To maintain backwards compatibility, the following flags are set per default:

python -m scorep --compiler --thread=pthread <script.py>

The traditional --mpi does still work, and is similar to the following call:

python -m scorep --compiler --thread=pthread --mpp=mpi <script.py>

To disable compiler interface, please specify:

python -m scorep --nocompiler <script.py>

However, this will not remove any compiler instrumentation in any binary.

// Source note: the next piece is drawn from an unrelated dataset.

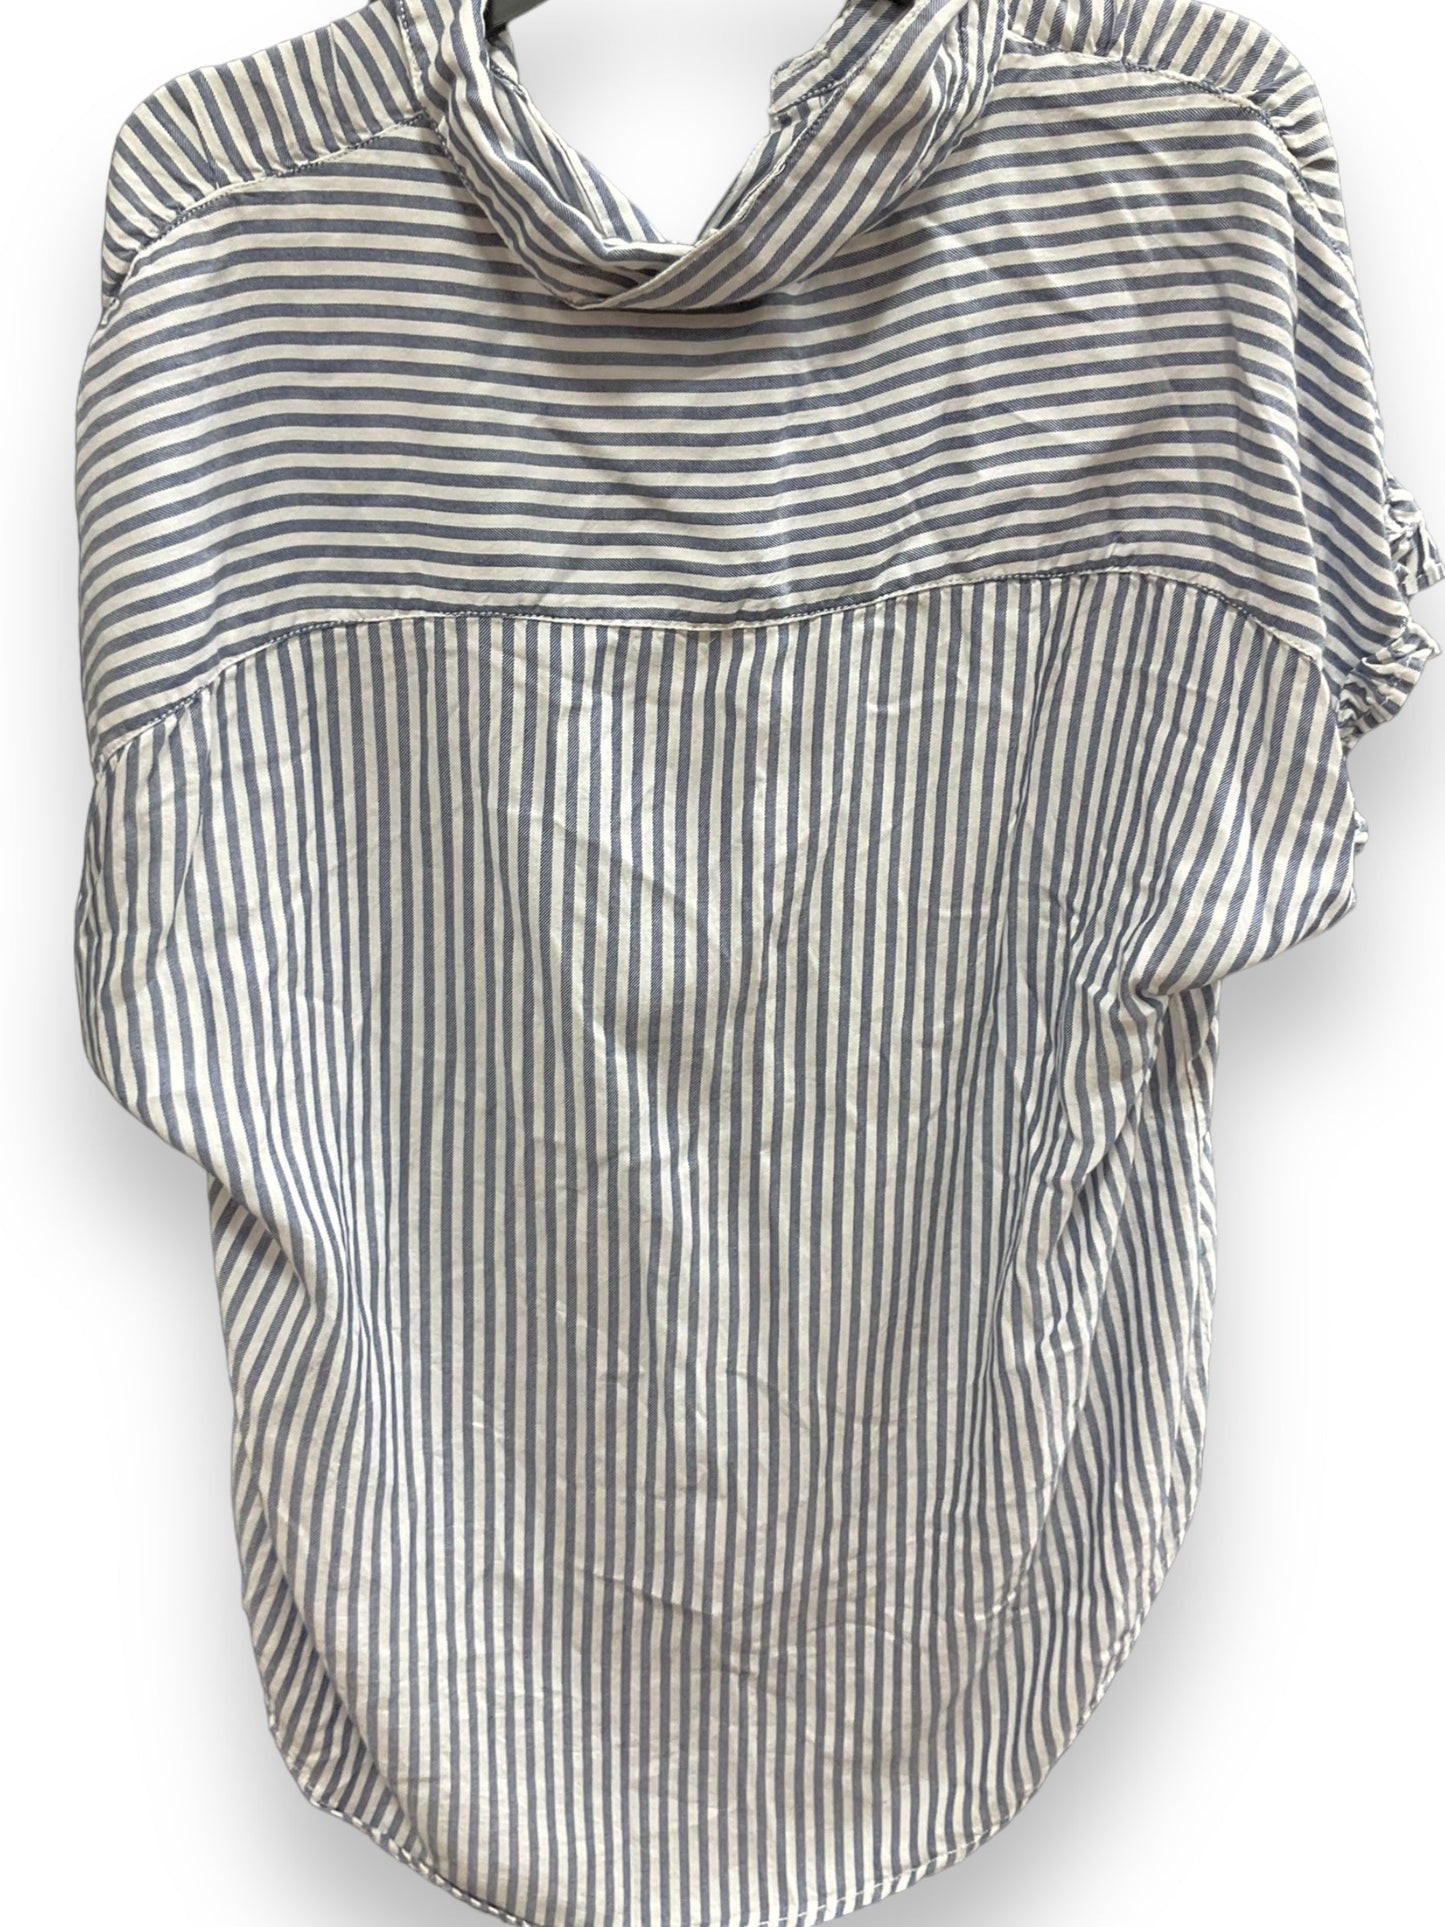 Striped Pattern Blouse Short Sleeve Beachlunchlounge, Size Xl

For other thread schemes just specify --thread=<something>. E.g. :

python -m scorep --thread=omp <script.py>

Please be aware the --user is always passed to Score-P, as this is needed for the python instrumentation.

Compatibility

Working

  • python3
  • python2.7, but not all features are supported
  • mpi using mpi4py
  • threaded applications

Not Working

  • python multiprocessing
    • Score-P does currently only support MPI or SHMEM. Any other multiprocessing approach cannot be traced.
  • tracking importlib.reload()

Citing

If you publish some work using the python bindings, we would appriciate, if you could cite one of the following paper:

Gocht A., Schöne R., Frenzel J. (2021)
Advanced Python Performance Monitoring with Score-P.
In: Mix H., Niethammer C., Zhou H., Nagel W.E., Resch M.M. (eds) Tools for High Performance Computing 2018 / 2019. Springer, Cham.
https://doi.org/10.1007/978-3-030-66057-4_14 

A preprint can be found at: http://arxiv.org/abs/2010.15444

The full paper is available at: https://doi.org/10.1007/978-3-030-66057-4_14

Gocht-Zech A., Grund A. and Schöne R. (2021)
Controlling the Runtime Overhead of Python Monitoring with Selective Instrumentation
In: 2021 IEEE/ACM International Workshop on Programming and Performance Visualization Tools (ProTools)
https://doi.org/10.1109/ProTools54808.2021.00008

The full paper is available at:

https://doi.org/10.1109/ProTools54808.2021.00008

Acknowledgments

The European Union initially supported this work as part of the European Union’s Horizon 2020 project READEX (grant agreement number 671657).